• **Supplied material**
# # # # #

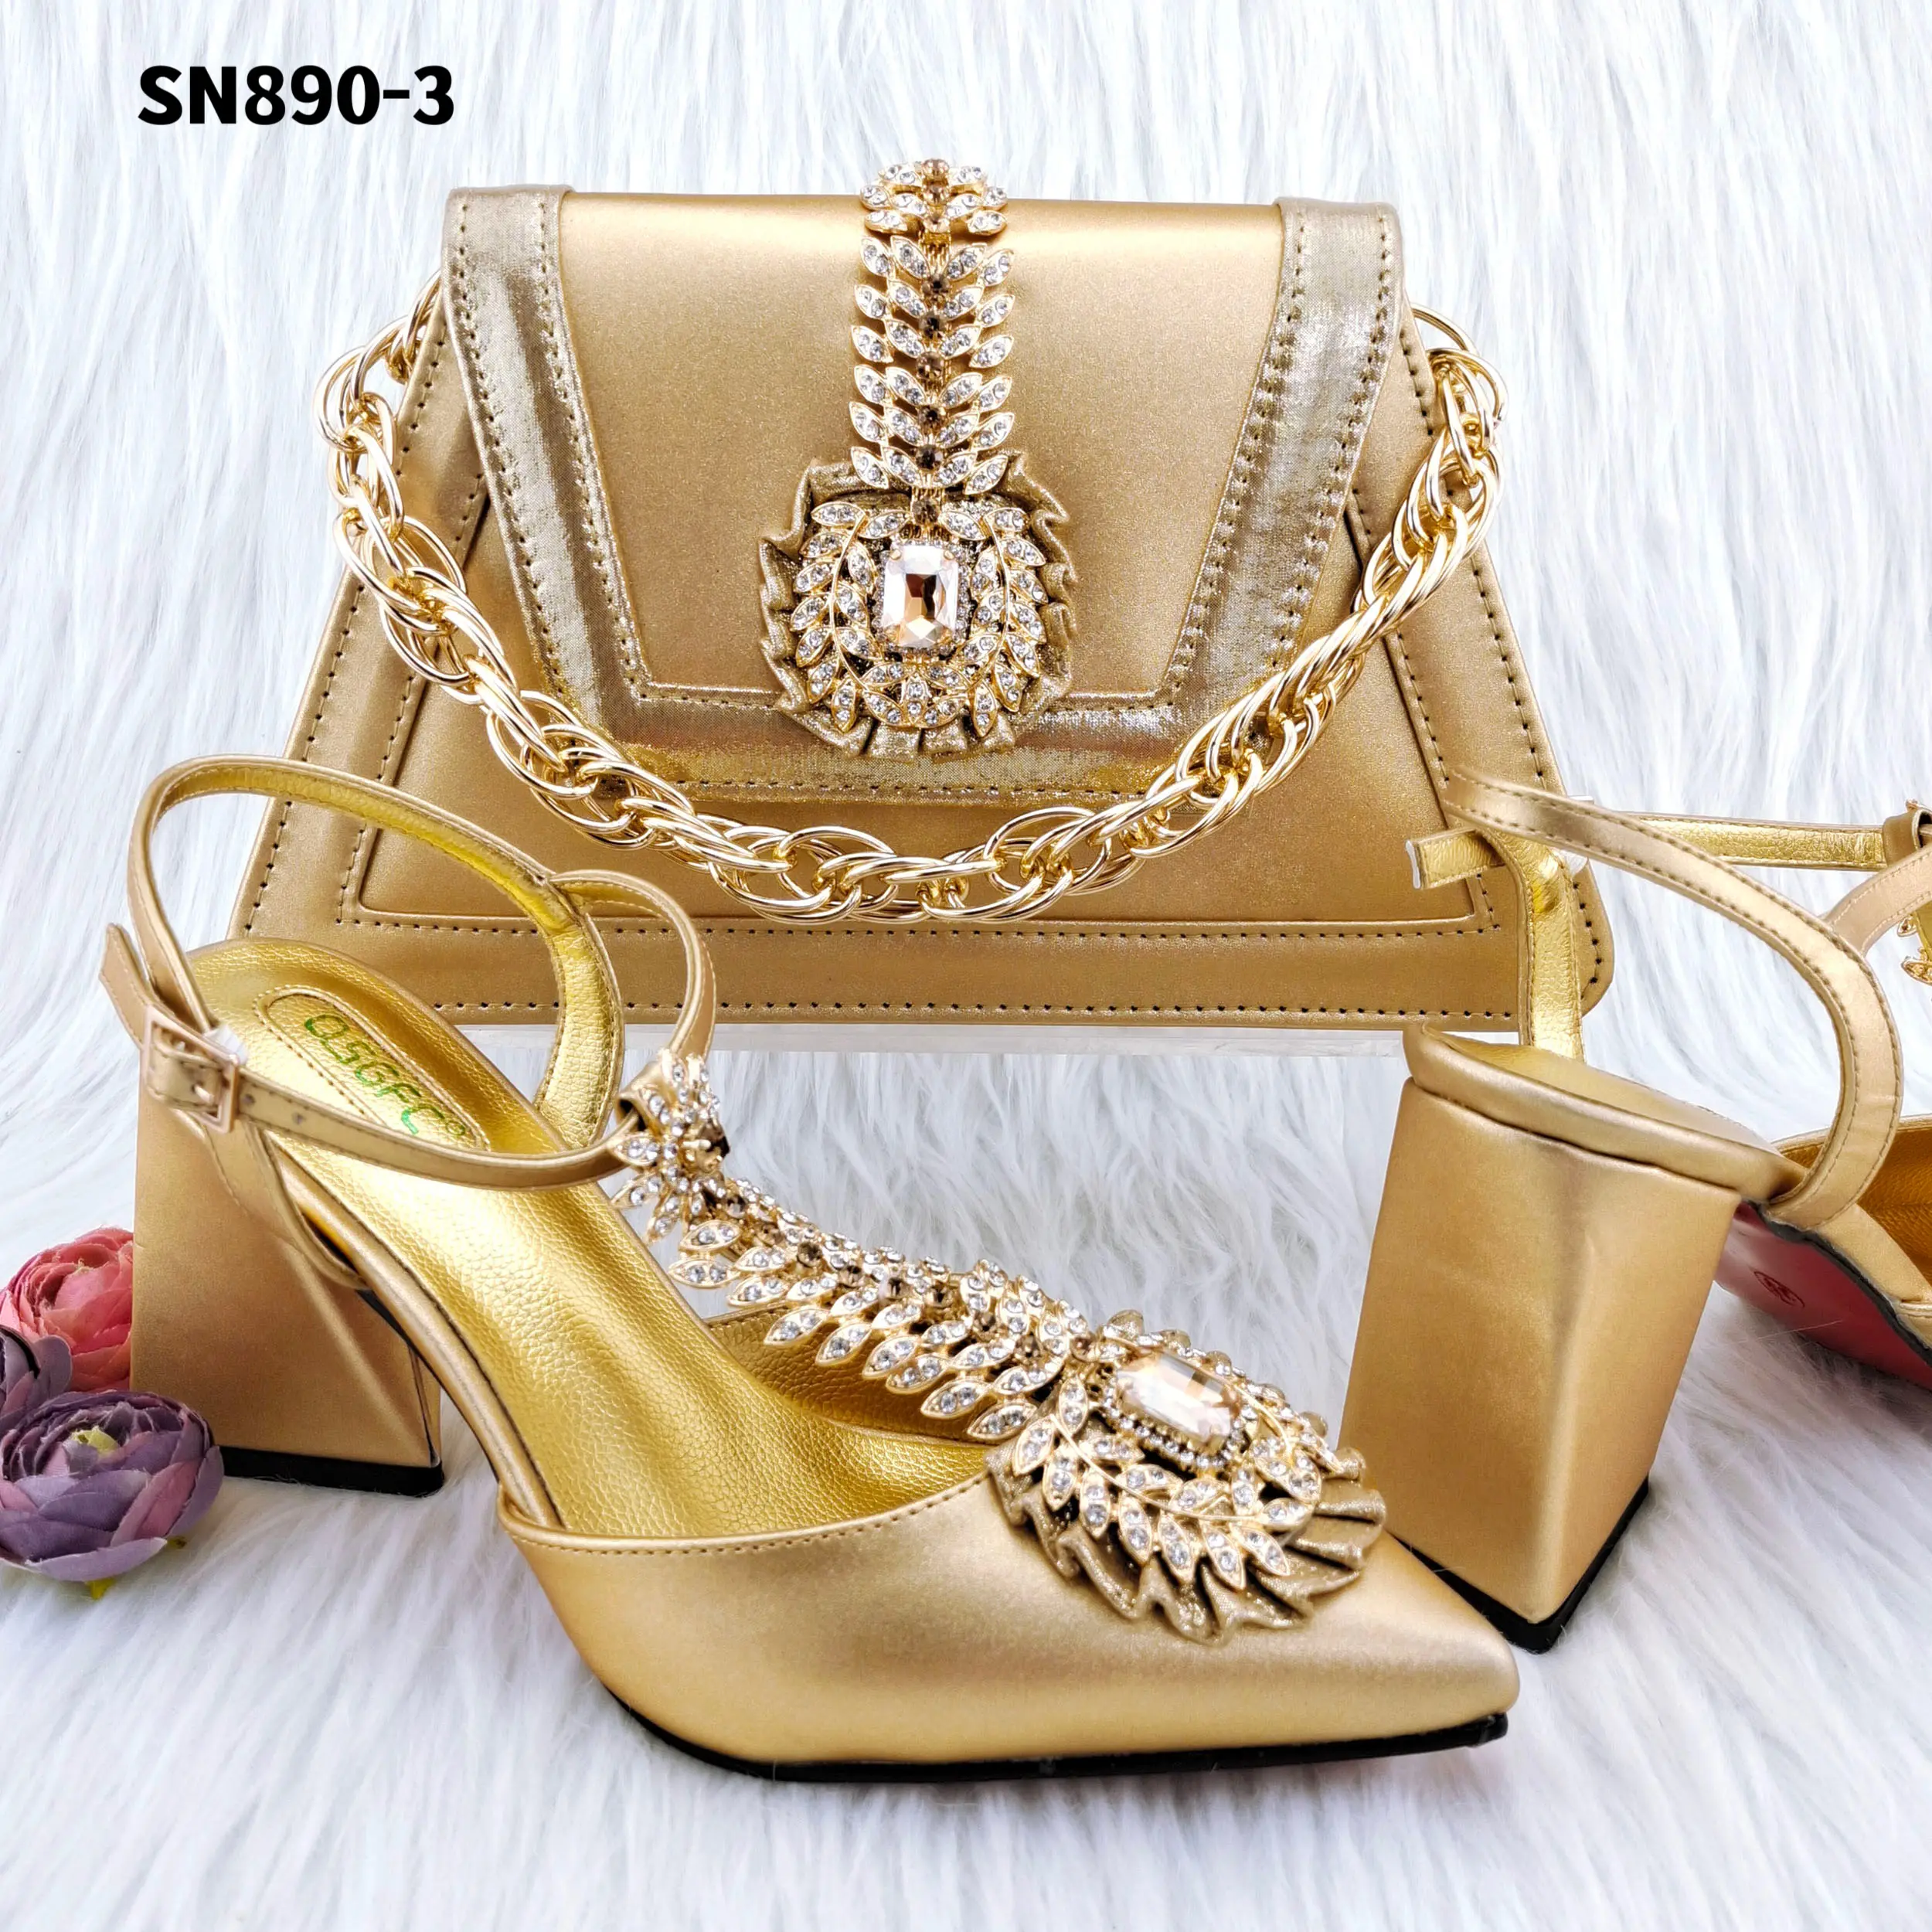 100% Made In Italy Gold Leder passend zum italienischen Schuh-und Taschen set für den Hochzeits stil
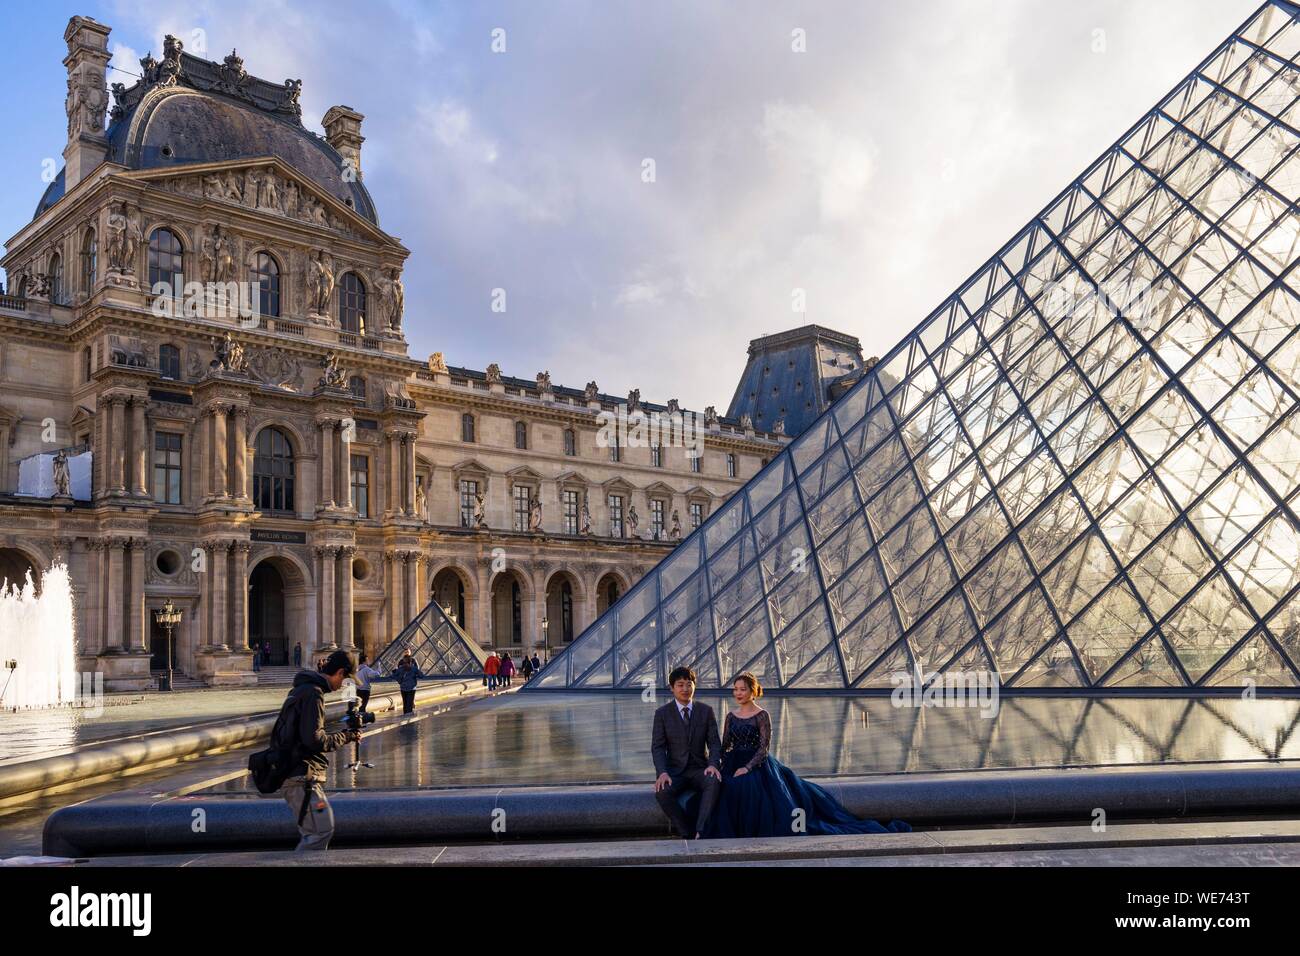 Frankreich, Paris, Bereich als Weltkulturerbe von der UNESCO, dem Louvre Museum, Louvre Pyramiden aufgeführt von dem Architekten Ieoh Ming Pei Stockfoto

# # # # #

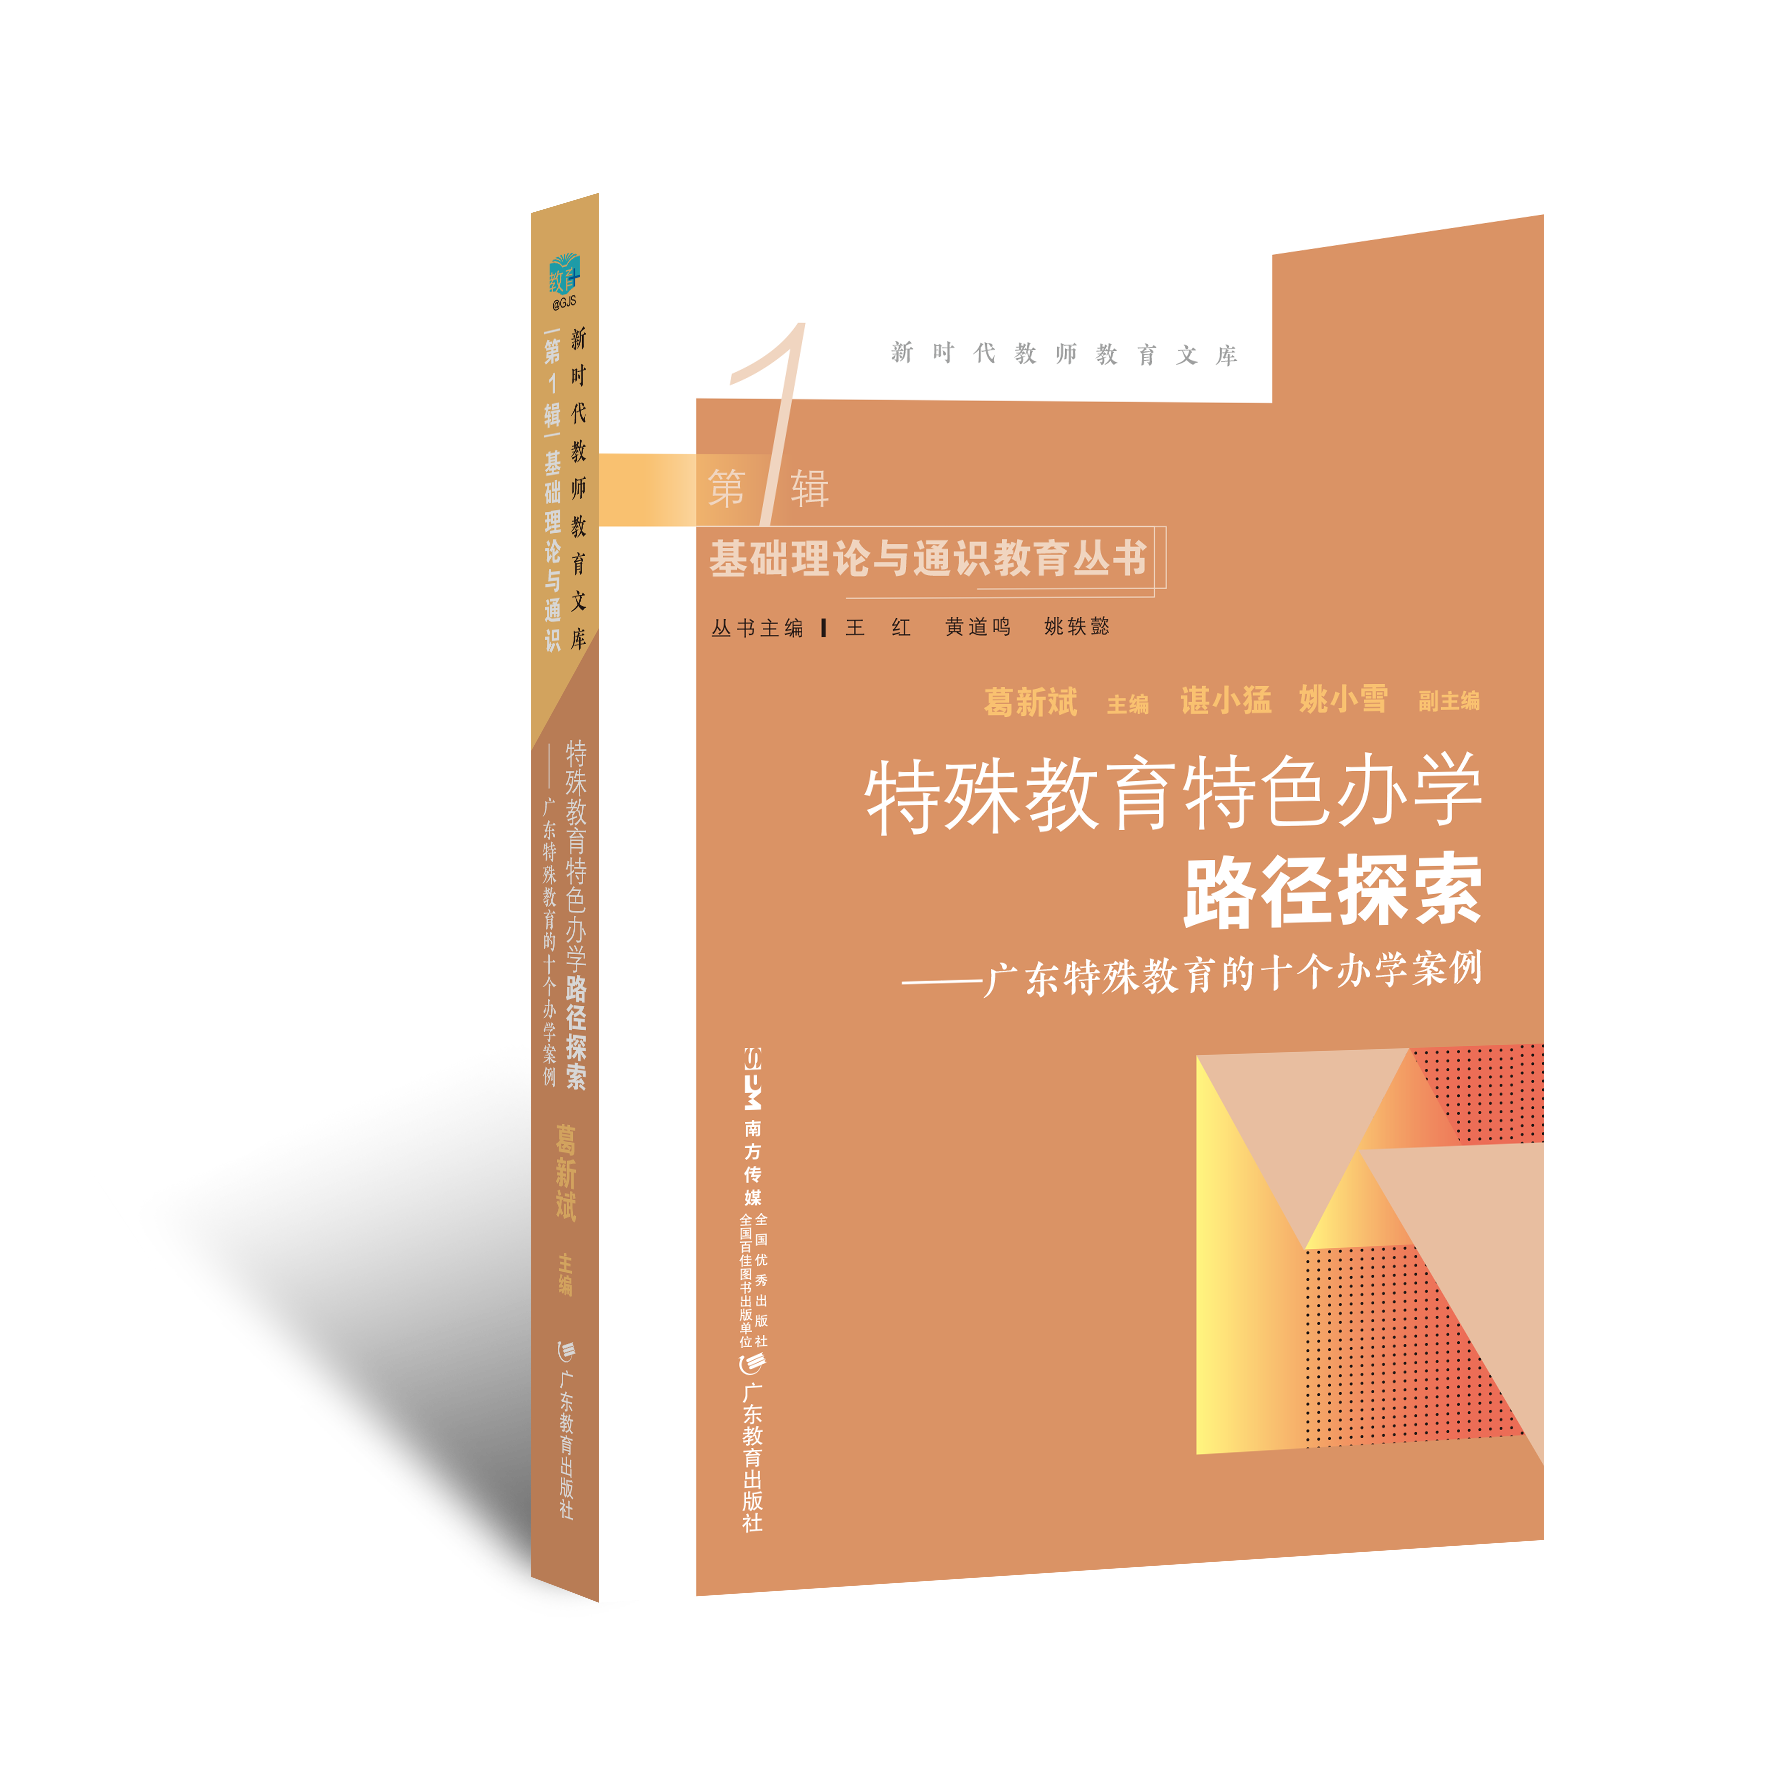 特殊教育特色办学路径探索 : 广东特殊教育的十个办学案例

# # # # #

• **Instructions to follow**
Look above for the line containing "100% Made In" and the line containing "Frankreich, Paris, Bereich", then reproduce both and everything between them exactly, pictures omitted.

• **Solution for this task**
 100% Made In Italy Gold Leder passend zum italienischen Schuh-und Taschen set für den Hochzeits stil
 Frankreich, Paris, Bereich als Weltkulturerbe von der UNESCO, dem Louvre Museum, Louvre Pyramiden aufgeführt von dem Architekten Ieoh Ming Pei Stockfoto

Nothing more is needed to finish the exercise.